# Indoor antenna for February - need VHF



## msmith (Apr 23, 2002)

I've been using DirecTV DVRs for OTA broadcast in the Philadelphia area for a number of years. Downstairs I'm using a Silver Sensor with an amp - upstairs I'm just using the Silver Sensor. I get solid but not perfect performance from both as long as they're aimed right. I lost WHYY when they moved their transmitter, but I still have the rest.

In February, a few of the local stations are taking their digital signal off the UHF 2nd channel that they are using now and putting it on their main analog VHF channel. I'm pretty sure that I need a new antenna.

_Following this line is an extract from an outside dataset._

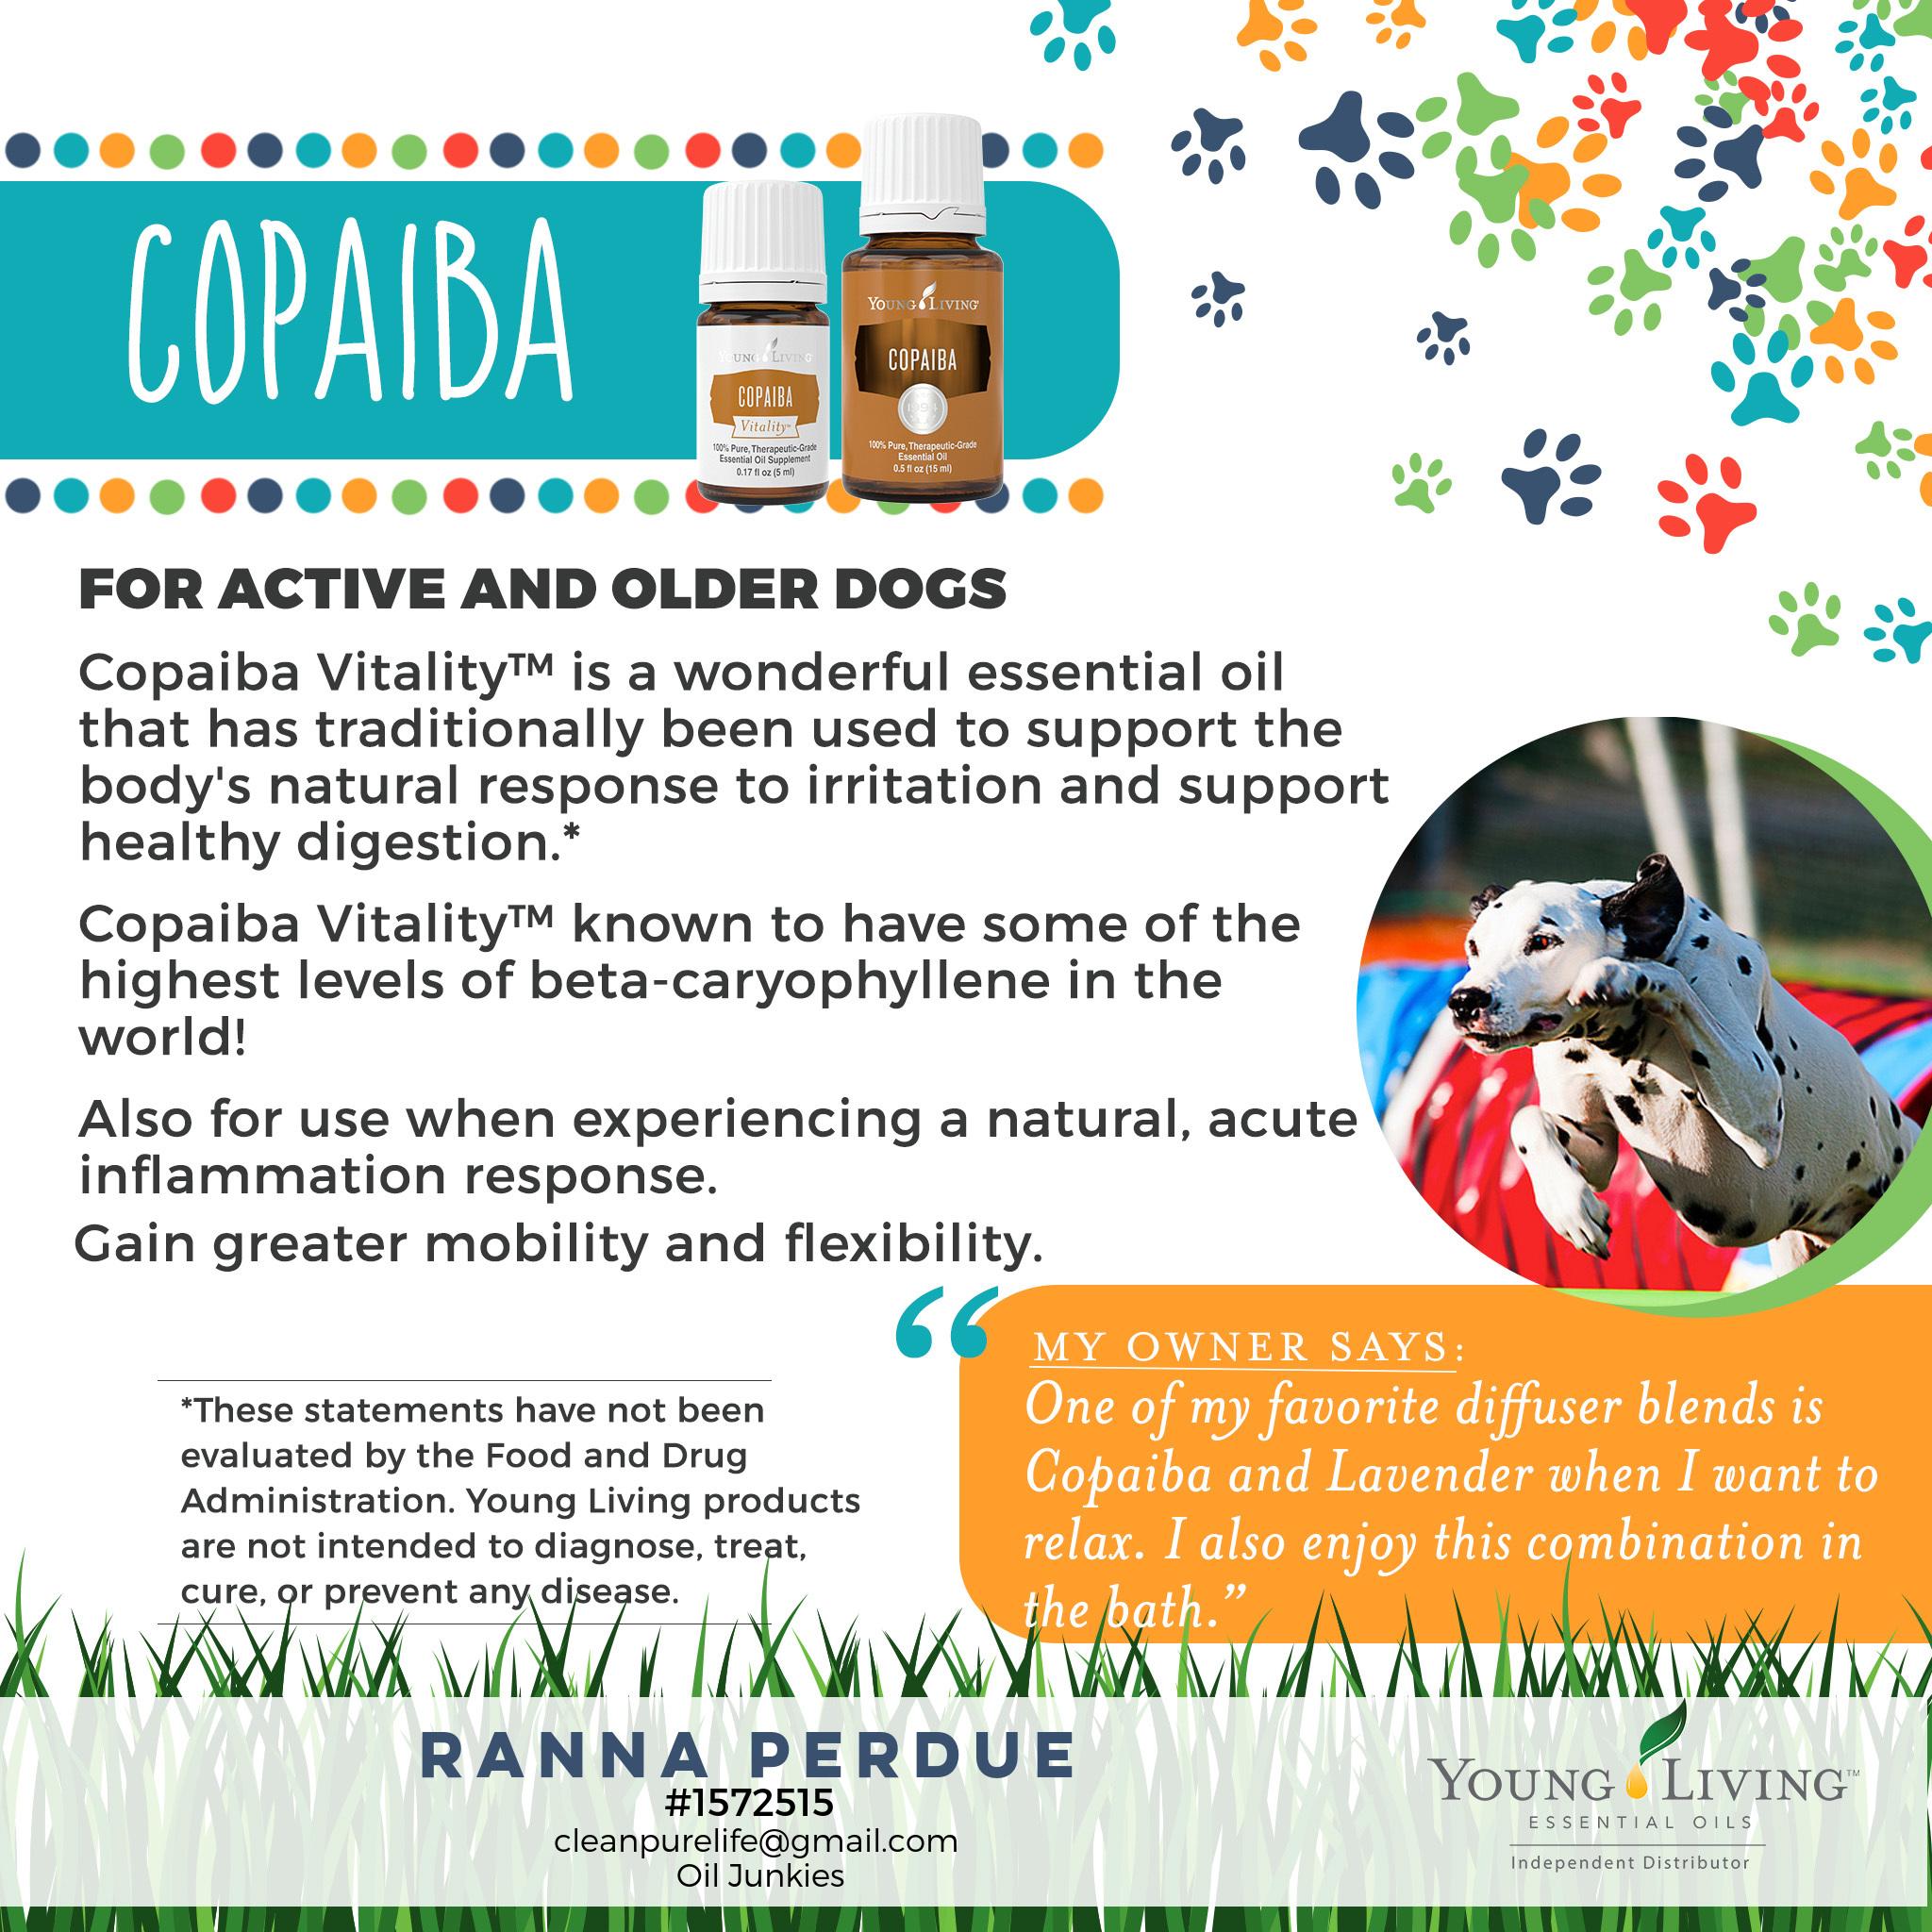 9-Dogs-Copaiba-1

Any recommendations for something small (set top) for use indoors? Perhaps something with an amp?


----------



## boba (May 23, 2003)

There are several knockoffs of the silver sensor that added a VHF dipole and like most rabbit ears claim to get VHF, TERK HDTVA is one.


----------



## n3ntj (Dec 18, 2006)

When did WHYY move their transmission location? Where it is now?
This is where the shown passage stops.